Kotappakonda is a holy hill, situated in Palnadu district, Andhra Pradesh, India. It is located 20 kilometers from Narasaraopet city and 62 kilometers south west of Guntur City.

History 
Celebrated with great devotion and fervor every year with a large number of devotees thronging the place, Kotappakonda has an interesting history and some incredible facts associated with it.

 Trikuta Hills: Kotappa Konda hill appears with 3 peaks in any direction so it's also called as Trikutadri, Trikuta Parvatham. The three hills are Brahma hill, Vishnu hill and Rudra hill. These 3 hills can be distinctly seen from a distance from any direction.
 Brahma Shikharam: The main temple Trikoteswara Swamy Temple is located here.
 Rudra Shikharam: Old Kotayya temple is located here. This is the first place where Trikoteswara Swamy existed, seeing the great devotion of Devotee Gollabhama, Trikoteswara Swamy came to Brahma Shikharam. Hence it is called Paatha (old) Kotayya Temple.
 Vishnu Shikharam: Lord Paapanaseswara Temple is here. It is believed that Lord Vishnu did penance for Lord Shiva. There is also a holy pond "Paapanasa Teertha" here.
Sundudu, a cattleman, with his wife Kundiri used to live towards the south of the Trikuta hills. They became rich soon after the birth of their first child, a beautiful daughter, Anandavalli(Gollabhama). Slowly she became a great devotee of Lord Shiva and started spending most of her time offering prayers to Lord Shiva at the Old Koteswara Temple located on Rudra hill. Eventually, she lost all interest in her materialistic life and started penance for Sri Koteswara Swamy.

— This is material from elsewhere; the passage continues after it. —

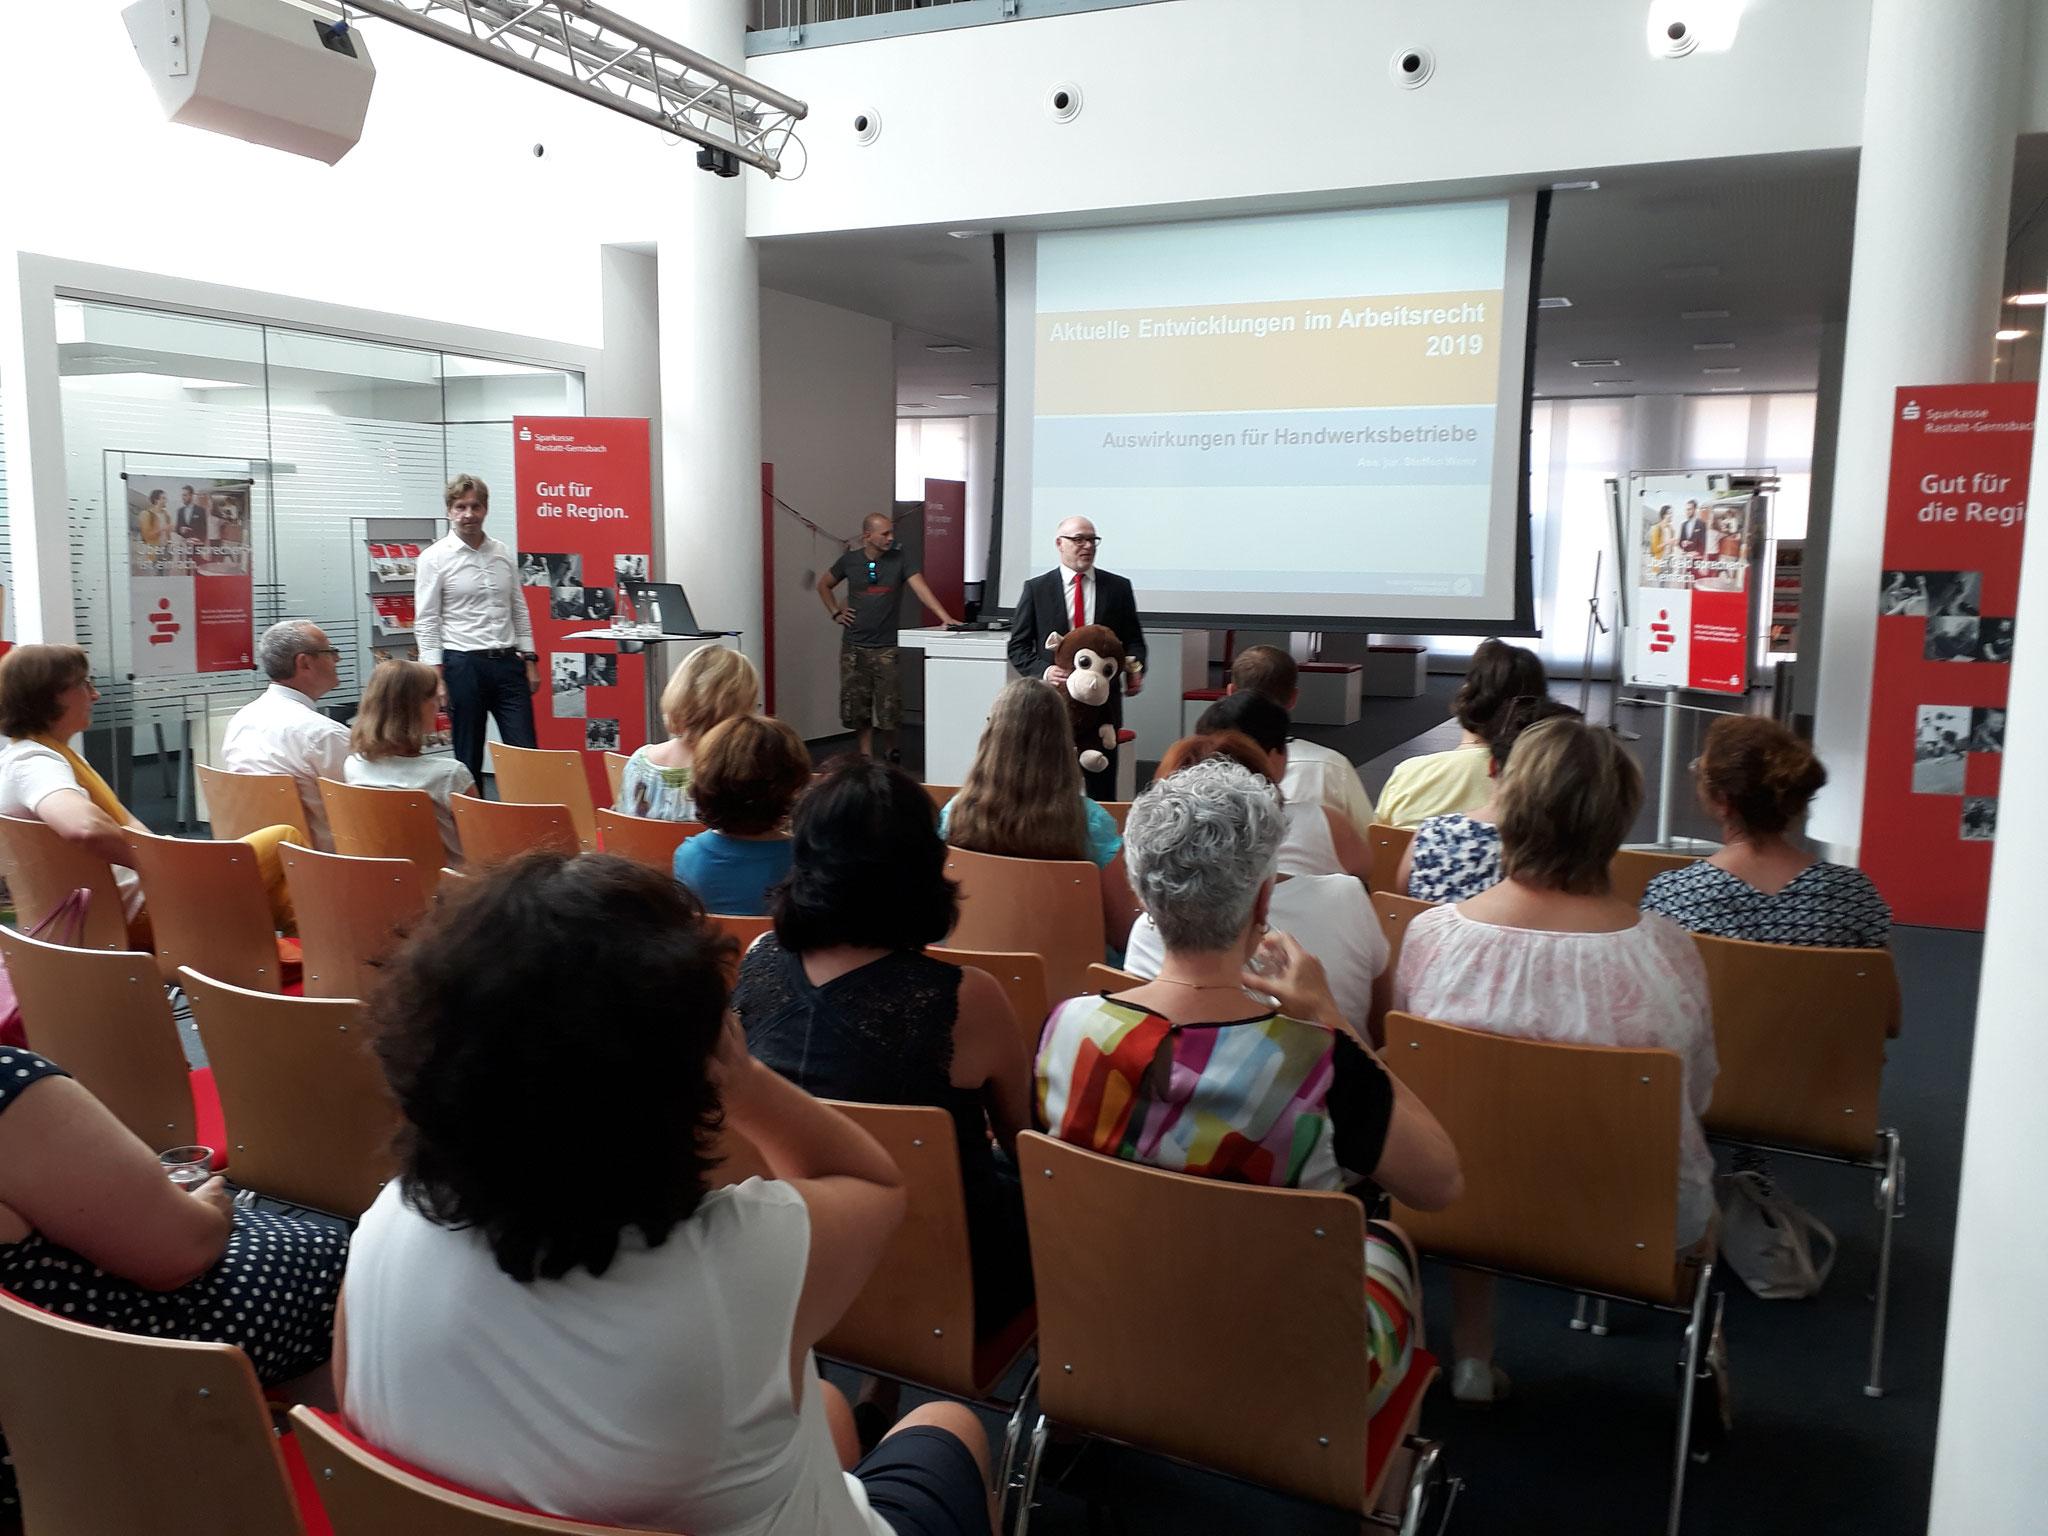 06-2019 Arbeitsrecht - Vortrag bei der Sparkasse Rastatt-Gernsbach

She used to visit Rudra hill every day, even during the scorching summer, to offer prayers to the Lord. Pleased with her penance, Jangama Devara appeared before her. Sympathized by her penance, Jangama Devara blessed her to be a pregnant, though she was a spinster. Unmindful of her pregnancy she carried her daily prayers as usual. Stupefied at her deep devotion, he again appeared and told her that she need not take so many troubles to perform pujas and offer prayers, and promised her that he himself would come to her house where she could do her penance and commanded her to proceed towards her home, and that he would follow her, but advised her not to look back even once on her way to home, in spite of whatever happens.

From Rudra hill, Anandavalli proceeded towards her home and after reaching Brahma hill, she lost her patience and turned back. The moment she turned back, breaking the promise she made, Lord Jangama Devara immediately stopped where he was, at Brahma hills and entered into a cave on that hill and turned himself into a Lingam. This sacred placed is famous by the name New Koteswara Temple. She then realized that her pregnancy was the creation of him, to test her devotion towards him. She felt happy as she got through all the critical trails and became one in the God.
          
Every Year great festival is held in this Temple, which is known as Tirunallu It is one of the Biggest tirunalla in India The festival takes place on the day of Mahashivaratri. Lakhs of people take part in this festival peoples are came from all over the Telug states. In the festival night Cultural activities also held on the prabha's (prabha is  like a triangle shape arrangement constructed by long tree sticks) prabha's came from several villages near kotappakoda.Prabha's are the main attraction of the festival.

#worldlargesttirunalla #tirunalla

Culture 

Vedas are recognized as the oral heritage by the UNESCO and are taught at Veda Patasala in the village, established by Tirumala Tirupati Devasthanams.

Transport
Kotappakonda town can be reached by bus from Guntur or Narasaraopet or Chilakaluripet.